But when you interviewed for this plumbing job, were you asked to explain in detail Bernoulli's principle of fluid dynamics? I think the author's point is ridiculous academically heavy interviews when the actual job is boring ass CRUD.
> Let’s go back to the plumbing example. Imagine you owned a small restaurant with one bathroom and 10 employees. You get a few hundred customers per week and maybe 10% of them use your bathroom. Obviously, you’ve got to have a working bathroom, but does it need to be anything fancier or more advanced than your home toilet? Do you need 10 stalls, motion-activated faucets, Dyson hand dryers, and marble counters? Probably not, unless you’re just trying to project some facade of success.
This gave me the impression he hasn't really thought through what he is saying.
> Just as a good small business owner should hire a humble plumber who knows the standard tools required for small bathrooms, and will pay him market rate, a good engineering manager should hire humble team players who use industry-standard tools to build reliable software, and pay them market rate.
This furthered my sense he hadn't thought through what he was saying.
> Part of the problem is that we over-engineer the software we work on. I am guilty of this as well.
I have no idea what he's getting at here.
> “Oh, so you’re building an app? Does it use AI? Blockchain? ? Take my money and do it!"
Unfortunately investors these days love to hear that. Devs who bring these skills are most definitely adding value, even if the author deems it largely superficial.
> Finally, don’t get comfortable. This isn’t a popular opinion among software engineers, but I believe that many in the field are overpaid relative to the difficulty of the work they do. Sometimes it’s because they are the only people who know some obscure corner of their field, sometimes it’s because their company’s gatekeepers are preventing full access to the talent market, and sometimes it’s because other engineers insisted they overbuild things such that junior devs will take a long time to understand it.
Should plumbers not get comfortable too? At this point I think the author forgot what he was writing about.
I'm not trying to be mean. I was just trying to add value to an analogy I had trouble distilling value from. I am speaking from frustration at seeing comparison here and there lately in developer communities.
To answer your question, I've never been asked in detail about complex algorithms for either plumbing or software work. Maybe I've been lucky or maybe I just exude an unnatural amount of competence (I'm guessing it's the former, I have resting dumb face).

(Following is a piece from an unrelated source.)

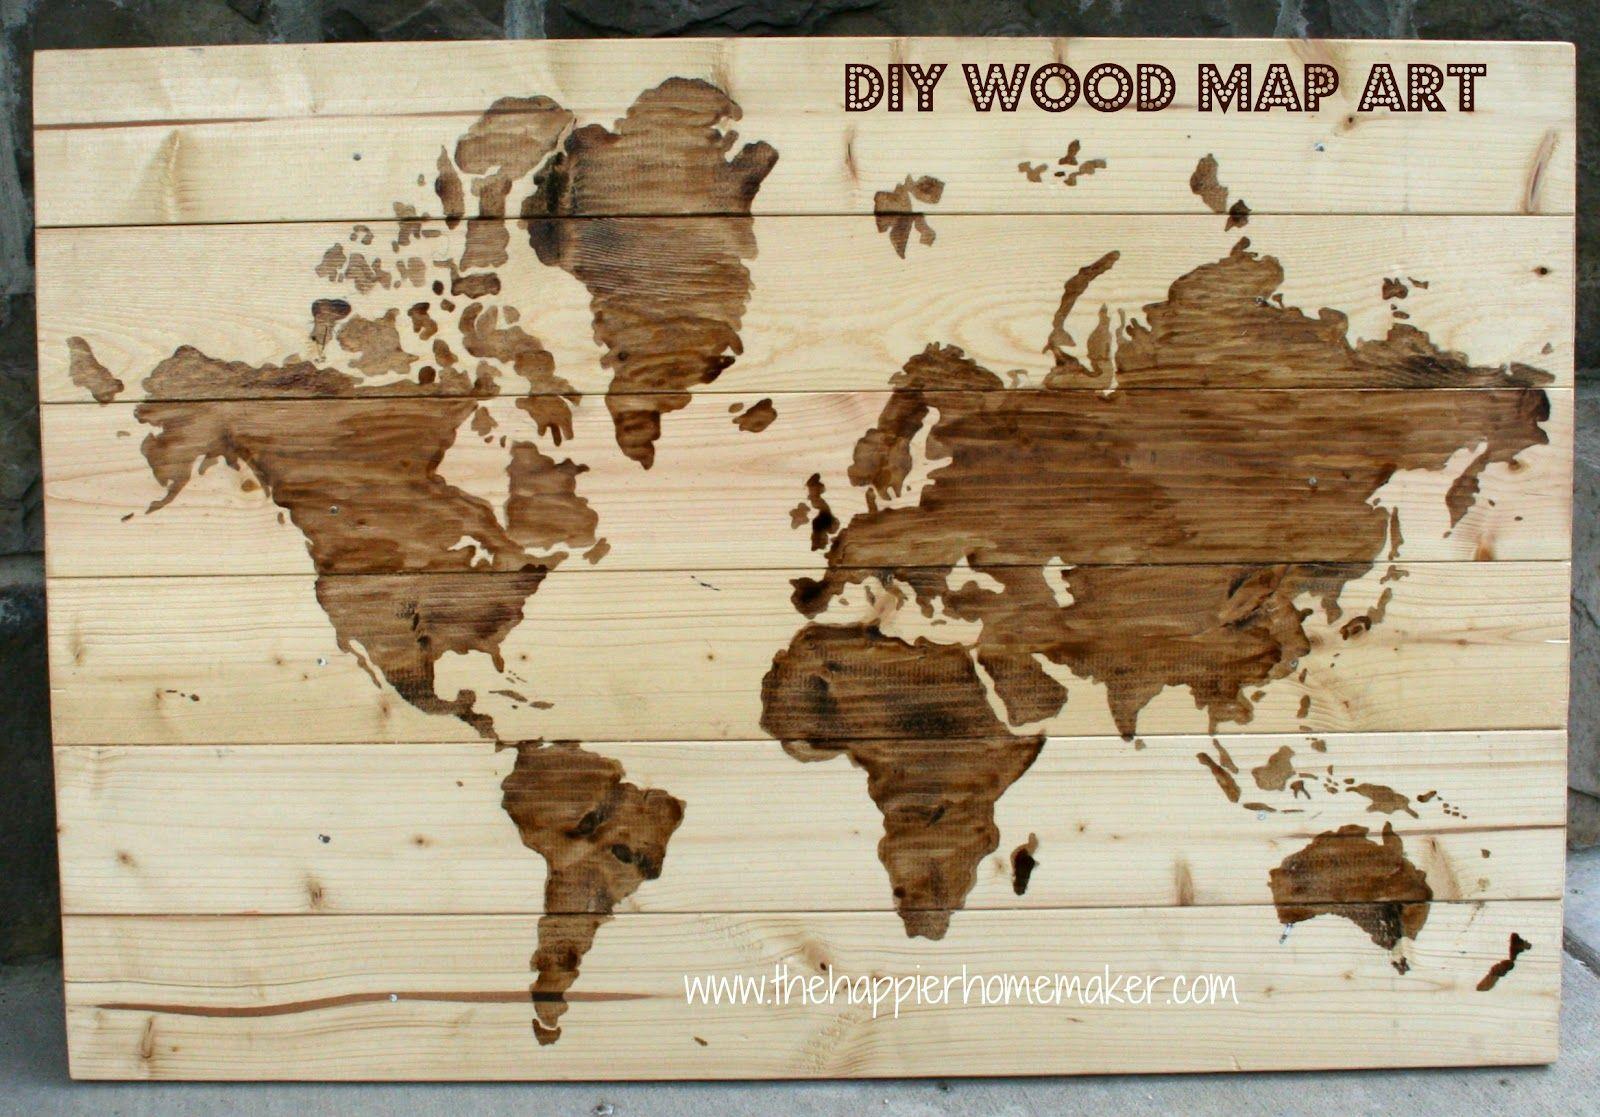 The Happier Homemaker: DIY Wooden World Map Art

Anyway, I don't think gauging someone's level of understanding is unheard of in the plumbing world. It probably depends if you're going for a junior or senior plumbing position.
Yes I agree with what you are saying looking strictly at my own experience as a candidate and as a hiring manager.
There's nothing wrong to get slowly to the point where you can ask candidates about complex algos, it just allows you to see how far one candidate can go.
The new trands are not supported only buy young people that jump from trand to trand. That was a terrible thought, maybe showing some frustrations?...
But I have to agree with the author, many times we have the tendency to overcomplicate a solution for the problem at hand. To keep it simple and stupid and smart it is close to an art. Especially when there pressure to get things done quickly and you havd to keep on improving an existing solution.
Lots of levels touched by the ideas in this article.